By ·Categories: Industrial IoT·Published On: July 8th, 2022·9.7 min read·

You may have noticed on your LinkedIn feed that it is officially trade show season. But unlike the last two years, we’re not seeing screenshots of folks in their bedrooms doing their best to hide piles of laundry, or avatar conference ‘halls’ reminiscent of video games from the early aughts. 

No, this time we are seeing something which feels novel in 2022: groups of strangers walking around an exhibition hall. Yes, you’ve heard it here folks: trade shows are officially back in action (and in-person). The OnLogic team experienced it first hand at embedded world in Nuremberg, Germany and the “largest and most inspiring showcase of automation in North America,” Automate Show, in Detroit.

What is Automate Show? 

Automate Show, put on by the Association for Advancing Automation (A3), is the largest solutions-based showcase of automation, robotics, vision, motion control and more in North America. This year, the Automate Show 2022 ran from June 6-9, at Huntington Place in Detroit, Michigan. There is something to be said for having the opportunity to access leading innovations in industrial automation, in a city with such a rich history of manufacturing. 

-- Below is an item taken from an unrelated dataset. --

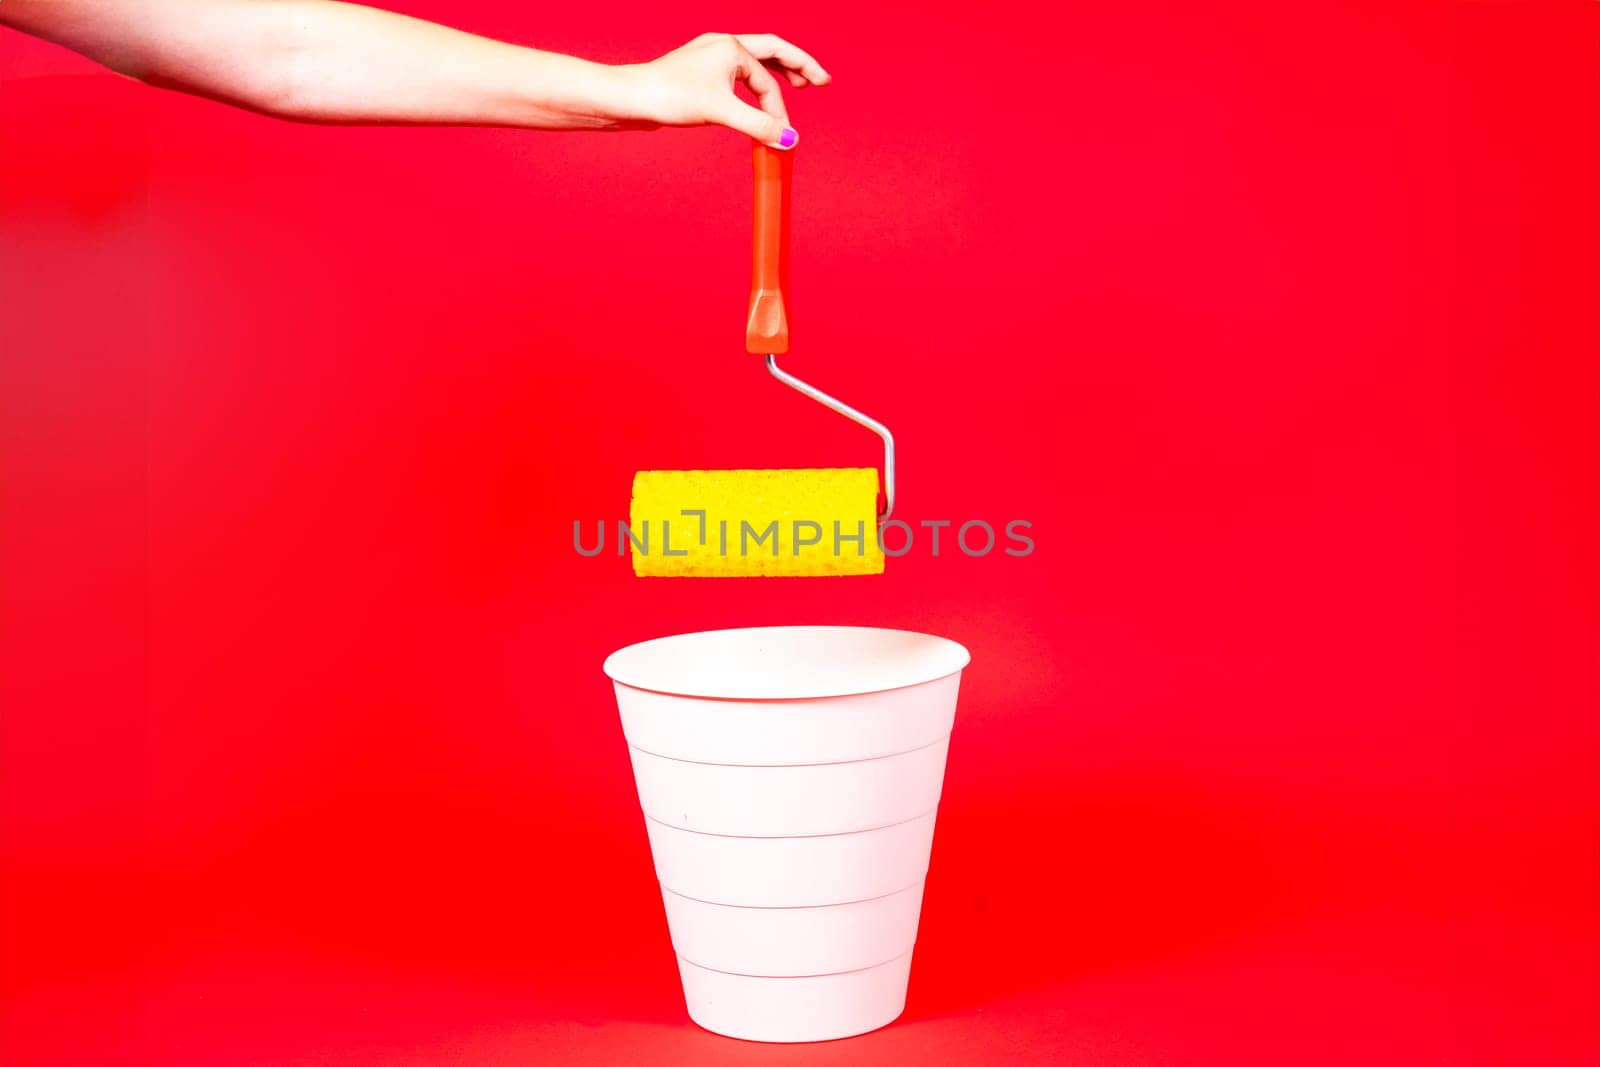 Construction roller is thrown into the trash on red background

The four day event consisted of an exhibition hall with more than 500 booths, as well as a stacked lineup of keynote sessions, panel discussions with industry experts, workshop sessions for conference attendees, and plenty of other cool opportunities – like the Cowen Startup Challenge

Uniquely, Automate is free to attend for anyone 12 years or older with an interest in robotics and/or automation. Don’t worry, no proof is necessary. While the event was back in-person, it was also nice to see options to participate in virtual sessions.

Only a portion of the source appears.